The New York Times is reporting that Governor Pat McCrory plans to veto bills passed by his fellow Republicans in the General Assembly.
WILMINGTON, NC (WECT) – For the first time in modern history, Republicans are in control of the North Carolina legislature and the governor's mansion, but that doesn't mean they always agree.
The New York Times is reporting that Gov. Pat McCrory plans to veto bills passed by his fellow Republicans in the General Assembly. The article doesn't indicate which pieces of legislation he'll send back to lawmakers.
The governor made national news earlier this week when he signed a voter ID law that does away with same-day registration and reduces early voting.
He signed the bill in private instead of holding a ceremony like he usually does. It's an example of how governors and legislators of the same party sometimes have different priorities.
Senator Thom Goolsby says he doesn't know if McCrory will refuse to sign any bills. Goolsby said there are a number of technical reasons why McCrory might veto legislation.
He said the relationship between the General Assembly and the governor is strong.

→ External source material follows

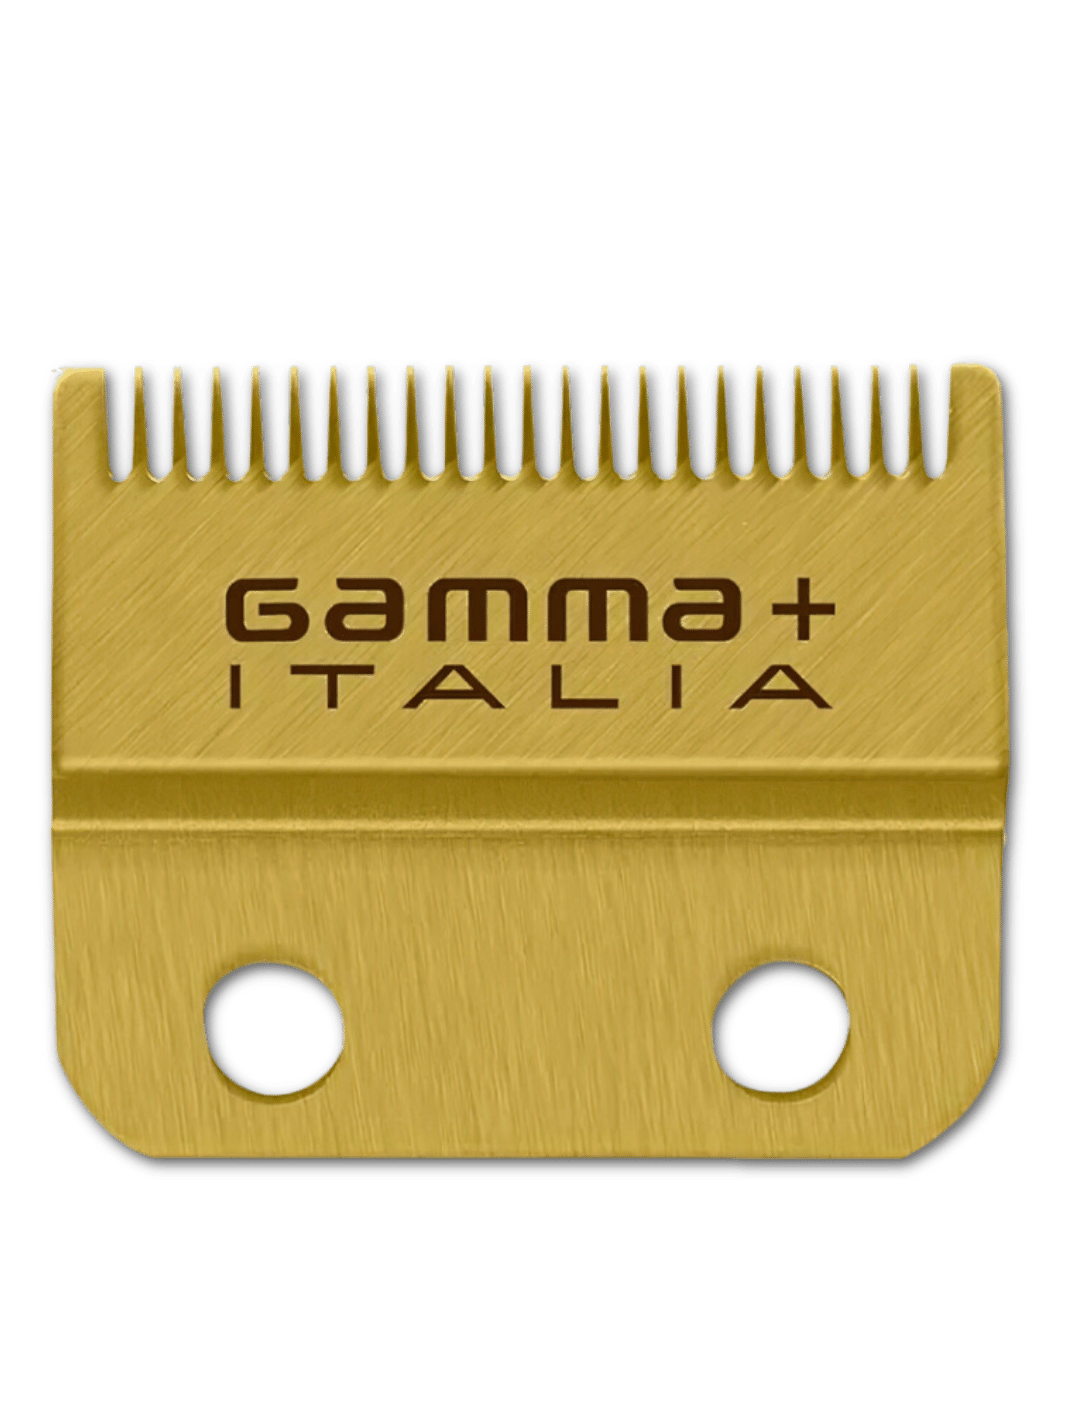 GAMMA+ Fade DLC Blade Gold Ersatzschneidsatz, kompatibel mit Boosted, Ryde, Golden Gun, X-Ergo, Protégé Clipper, Alpha und Cyborg, erhältlich bei Phullcutz.

"I never saw the inside of the governor's mansion when Beverly Perdue was governor," Goolsby said. "It was a place where I was never invited to. (In) the meetings (during the McCrory administration) I've been to, there have been Republicans and Democrats there. I don't know that a Republican every darkened the door when Beverly Perdue was there."
The governor has until August 25 to take action on the bills. If he doesn't sign them, they automatically become law.